» What you are asked to do
Take from the entries below the stretch from the line with "Apartment Bathroom Decorating Ideas" through the line with "50 Best Bathroom Design Ideas", and return it exactly, leaving the pictures out.

» Dataset extract
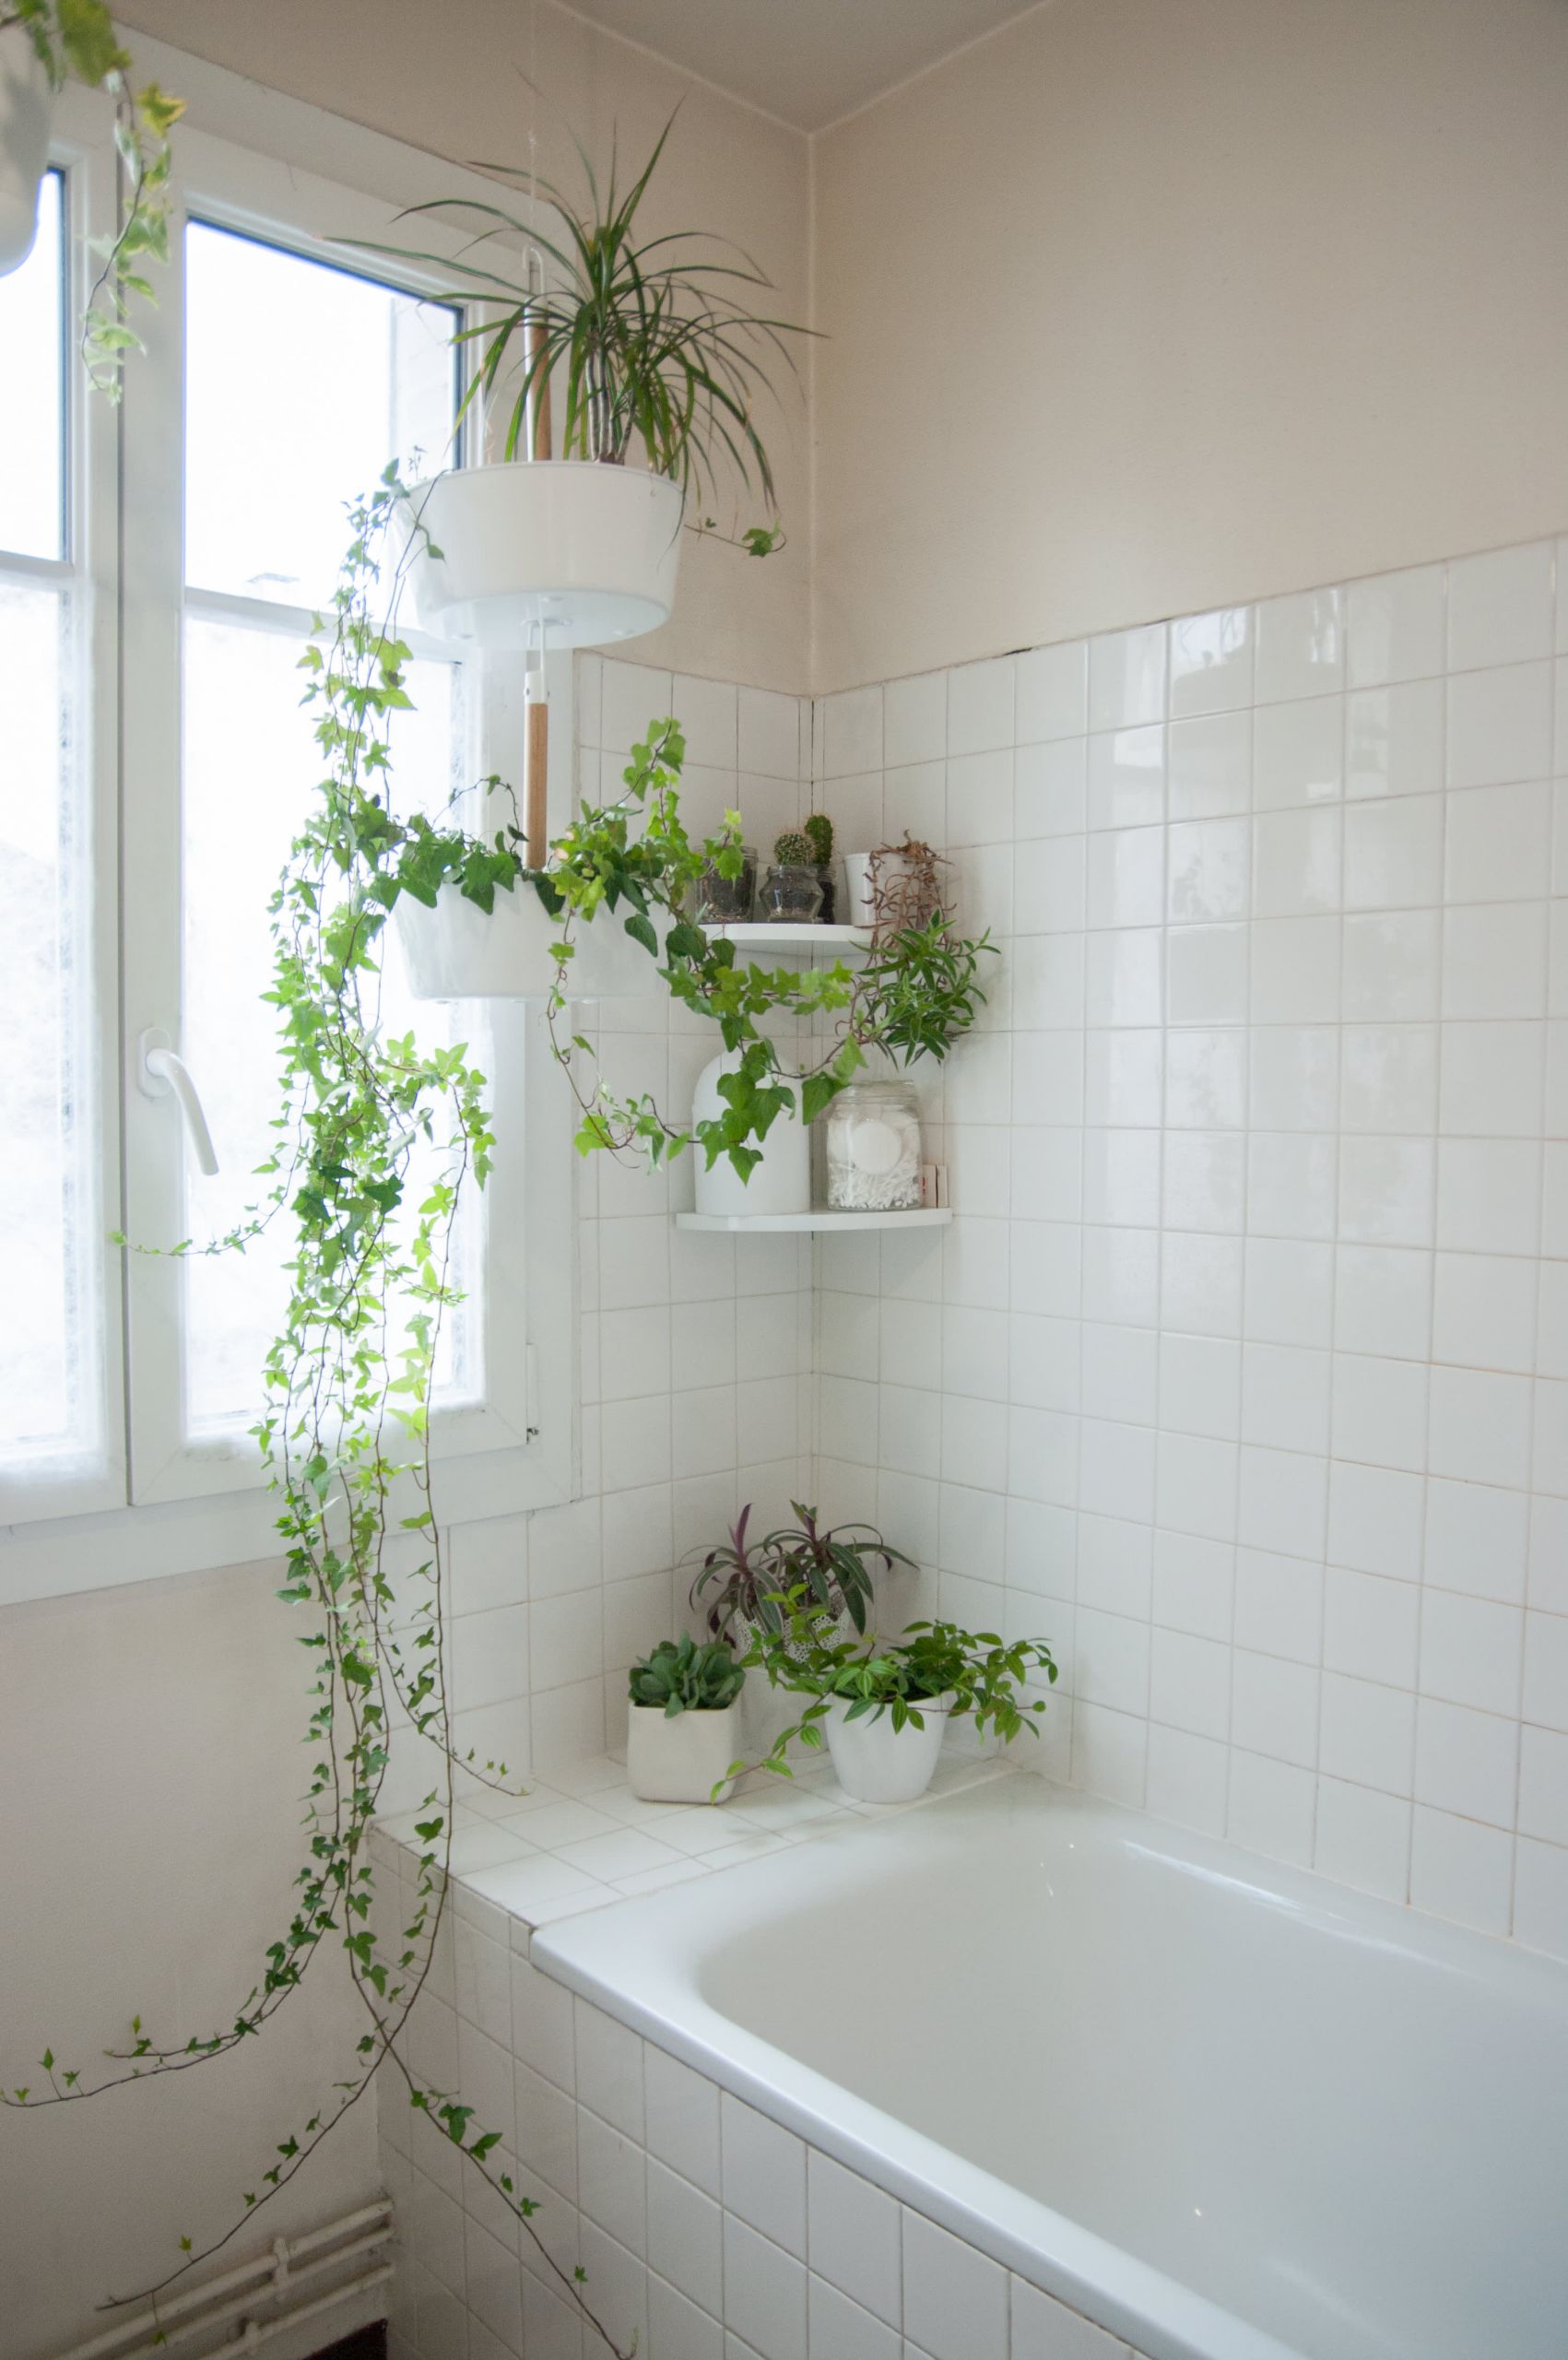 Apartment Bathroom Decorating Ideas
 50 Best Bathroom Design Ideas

...

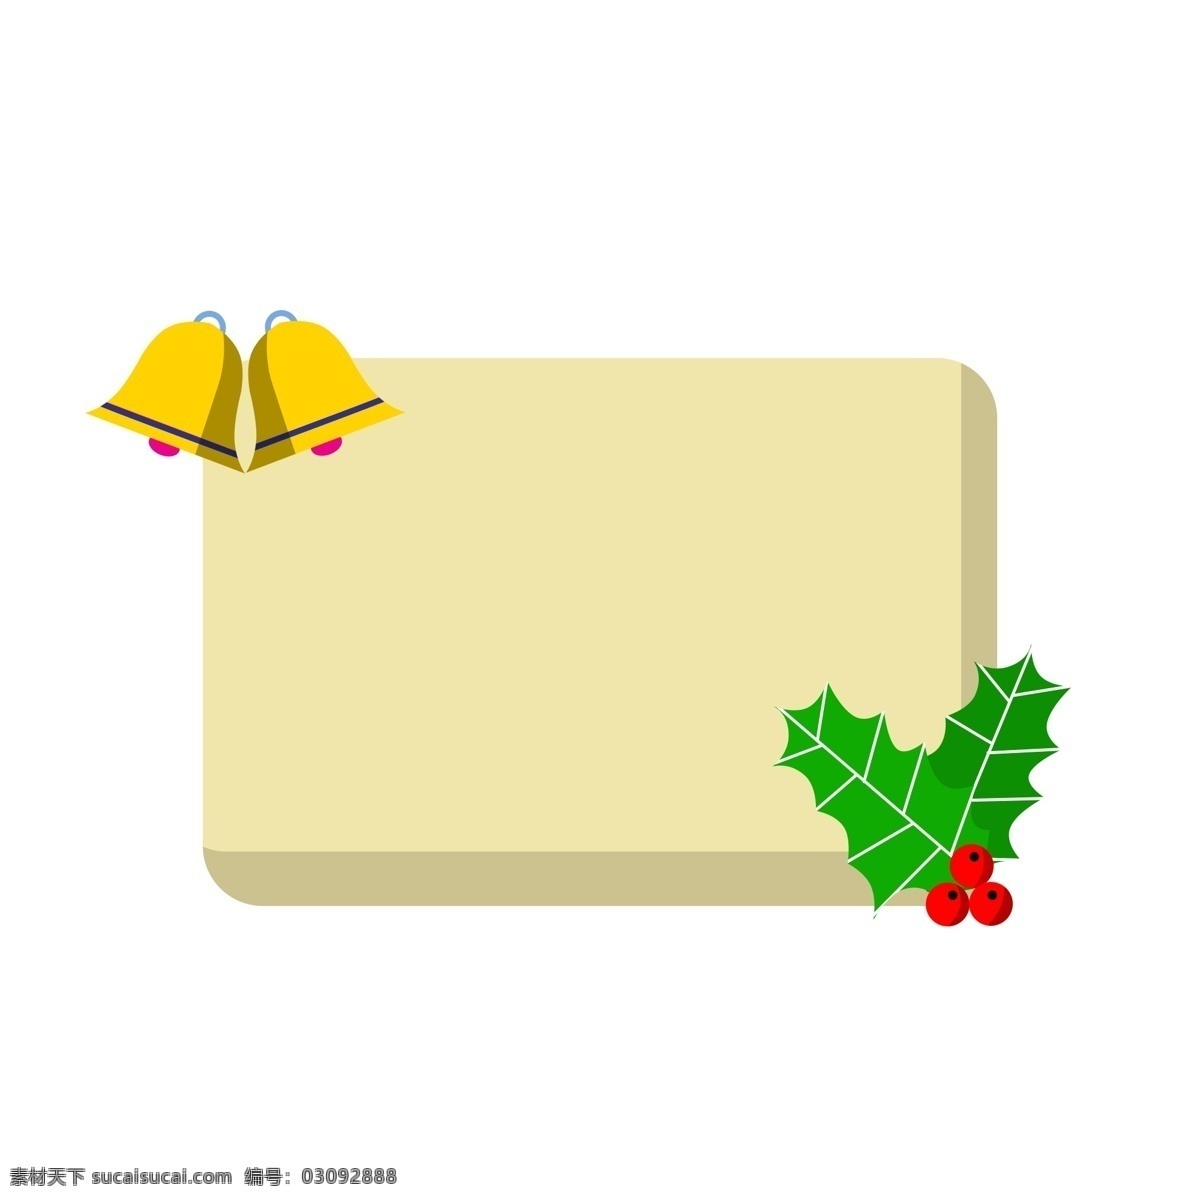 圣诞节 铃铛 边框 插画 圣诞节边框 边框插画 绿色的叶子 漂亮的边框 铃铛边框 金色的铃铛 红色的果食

» Result of this task
 Apartment Bathroom Decorating Ideas
 50 Best Bathroom Design Ideas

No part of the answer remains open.